Obviously, the other women don’t see things exactly the way Marilyn does (Claudia has a trans child, which isn’t to say she’s fully onboard). And therein lies the drama, as these four women grapple with menopause, professional expectations, shifting marital relationships, and the nagging disappointments of womanhood in America.

Caroline Aaron, Marilu Henner, Melanie Mayron, Marilu Henner, Brooke Adams, and Caroline Aaron star in Sandra Tsing Loh’s Madwomen of the West, directed by Thomas Caruso, at the Actors Temple Theatre. (© Carol Rosegg)
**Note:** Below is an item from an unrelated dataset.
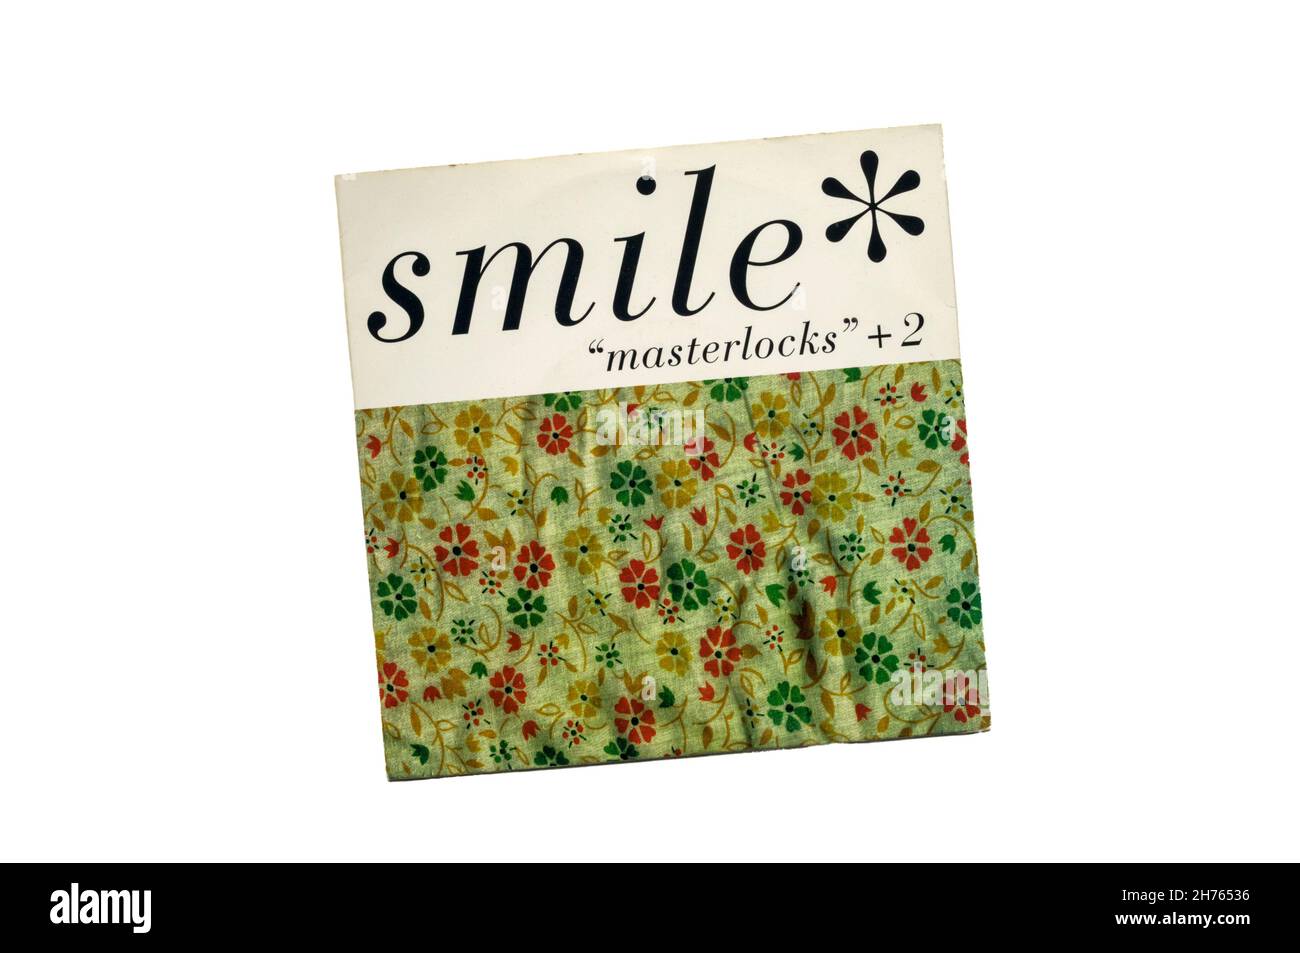 1996 7' single, 'Masterlocks' +2 by American alternative rock band Smile. Stock Photo

Aaron makes a particularly compelling advocate for her character, a liberal educator caught in the riptide of shifting culture. She turns to the audience and says, “God, do we need Hillary now? RIGHT?!?” And by the raucous response, you’d think she was talking about the Kaiser to a group of Prussian Junkers circa 1931. Every line is so sharp, every retort so perfectly timed, that we leave with no doubt about who Marilyn is and what she stands for. We can easily imagine her becoming the charismatic dictator of a new country, the borders of which roughly align with the Upper West Side.
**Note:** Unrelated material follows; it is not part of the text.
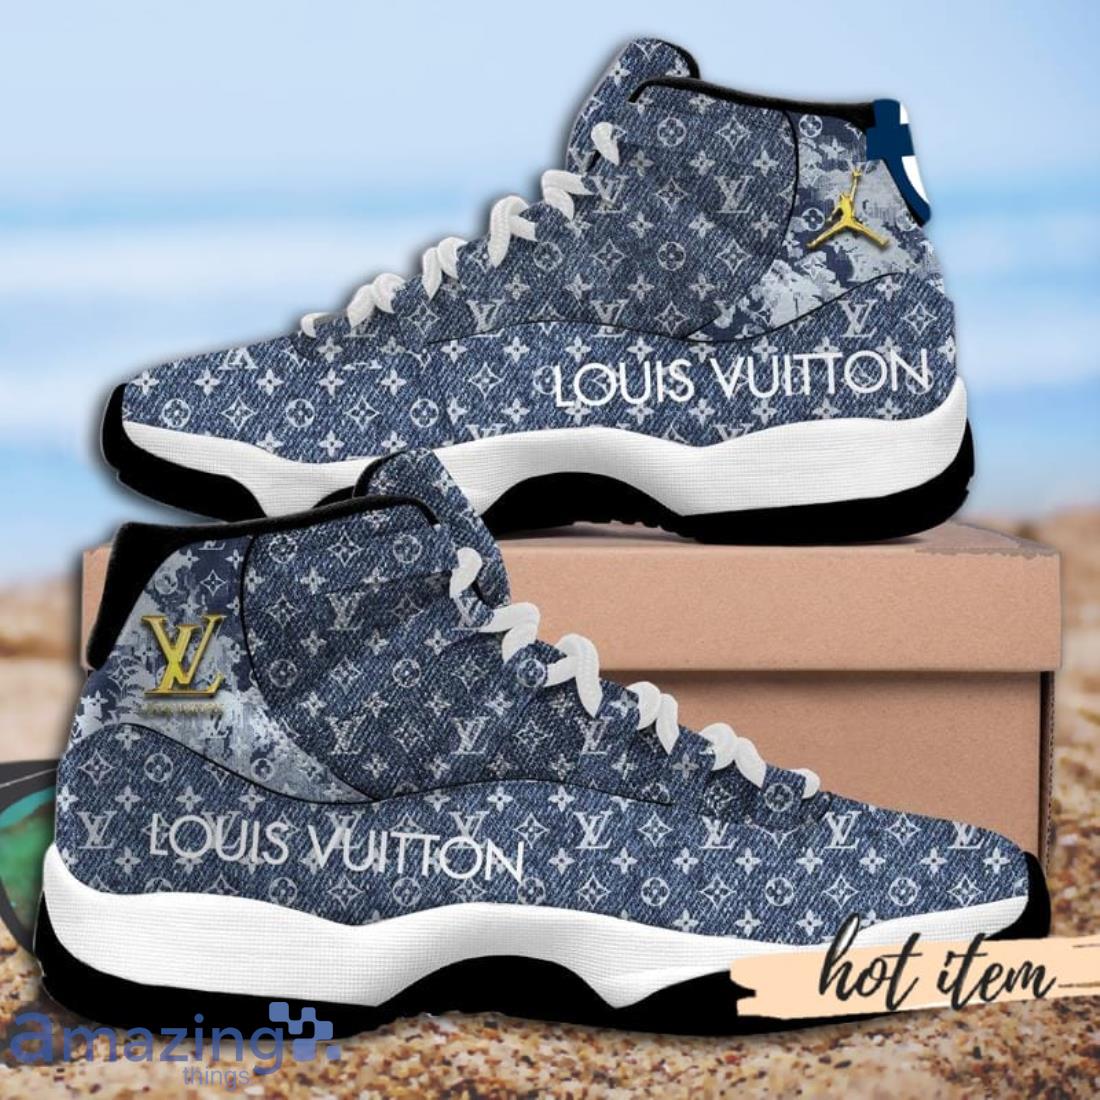 Louis Vuitton Ver 3 Air Jordan 11 Shoes Fashsion Shoes

The other three actors match her passion, if not her precision. Adams conceals Jules’s incandescent rage behind an innocuous smile. Mayron’s Claudia conveys the exhaustion of a woman who has spent years fighting on multiple fronts. In contrast, Henner beams onstage like an aggressive ray of sunshine. Rich and famous, her Zoey has ostensibly won the game by embracing a granola-munching, kombucha-guzzling vision of contemporary womanhood (a late monologue about masturbation serves as a climax). Part of the fun of Madwomen of the West is seeing how the people who know her best, her true friends, chip away at that façade.
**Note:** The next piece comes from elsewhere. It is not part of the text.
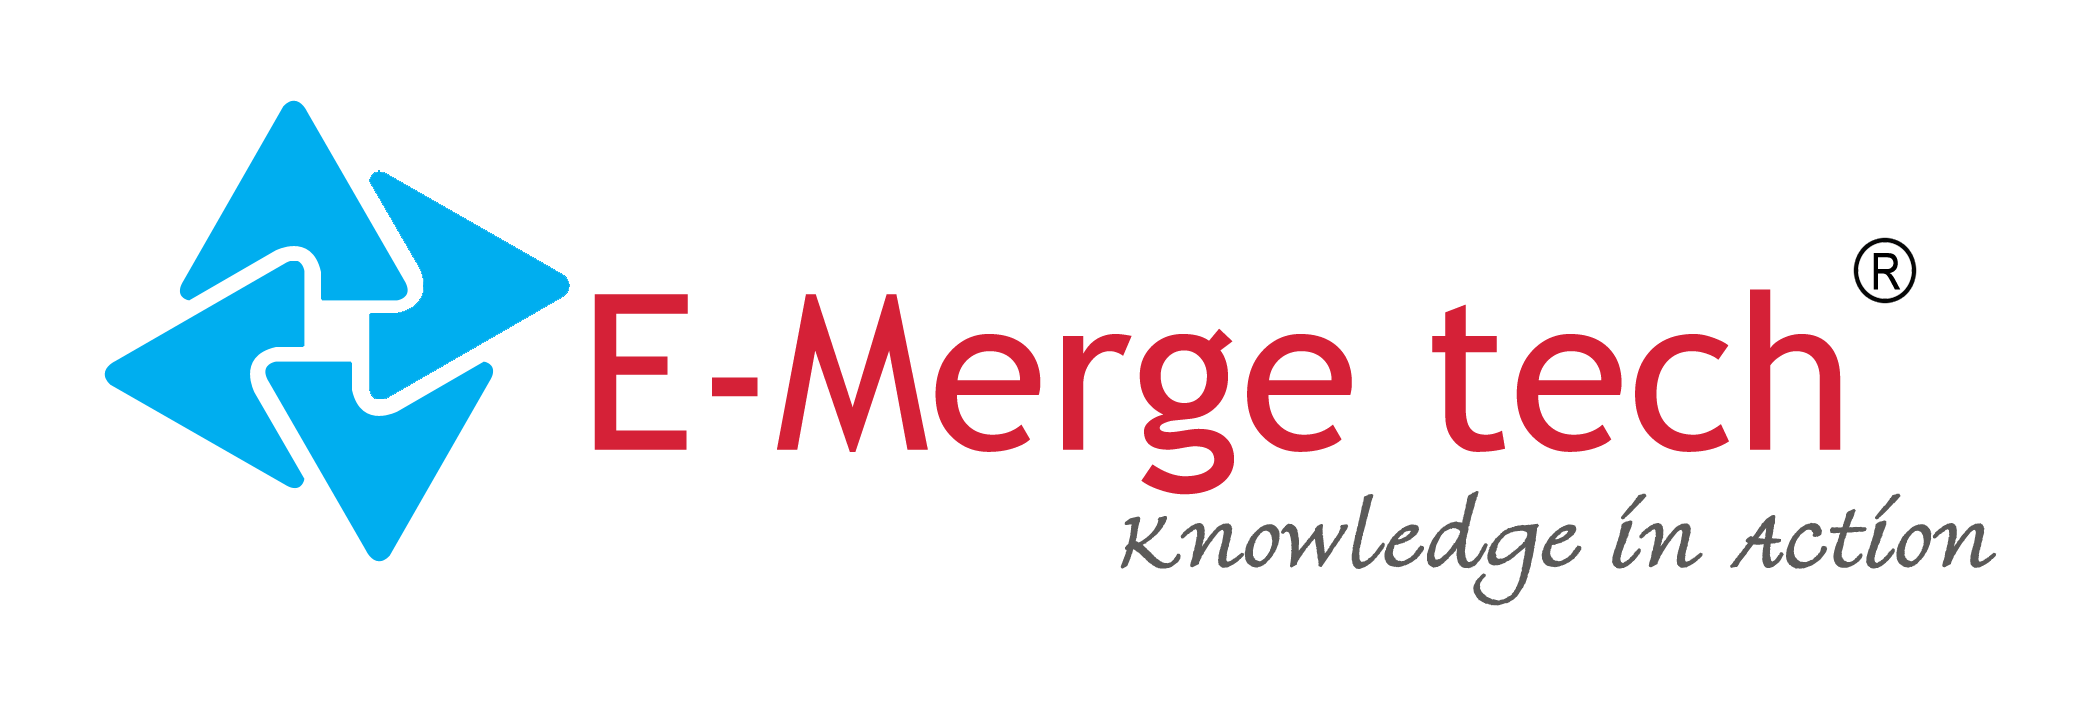 E-Merge tech Global Services Logo

Thomas Caruso directs with a light hand, delivering a well-paced staging that mostly stays out of the way of the performers. Christian Fleming’s faux-ritzy scenic design (the golden pineapple coffee table is especially hideous) offers an appropriate setting for this live chat show, with well-selected costumes by Sharon Feldstein and Erin Hirsh. The lights (by Pamela Kupper) and sound (by Max Silverman) create little theatrical embellishments, so we’re never under the delusion that what we’re witnessing is strict realism — even if the views expressed are quite authentic.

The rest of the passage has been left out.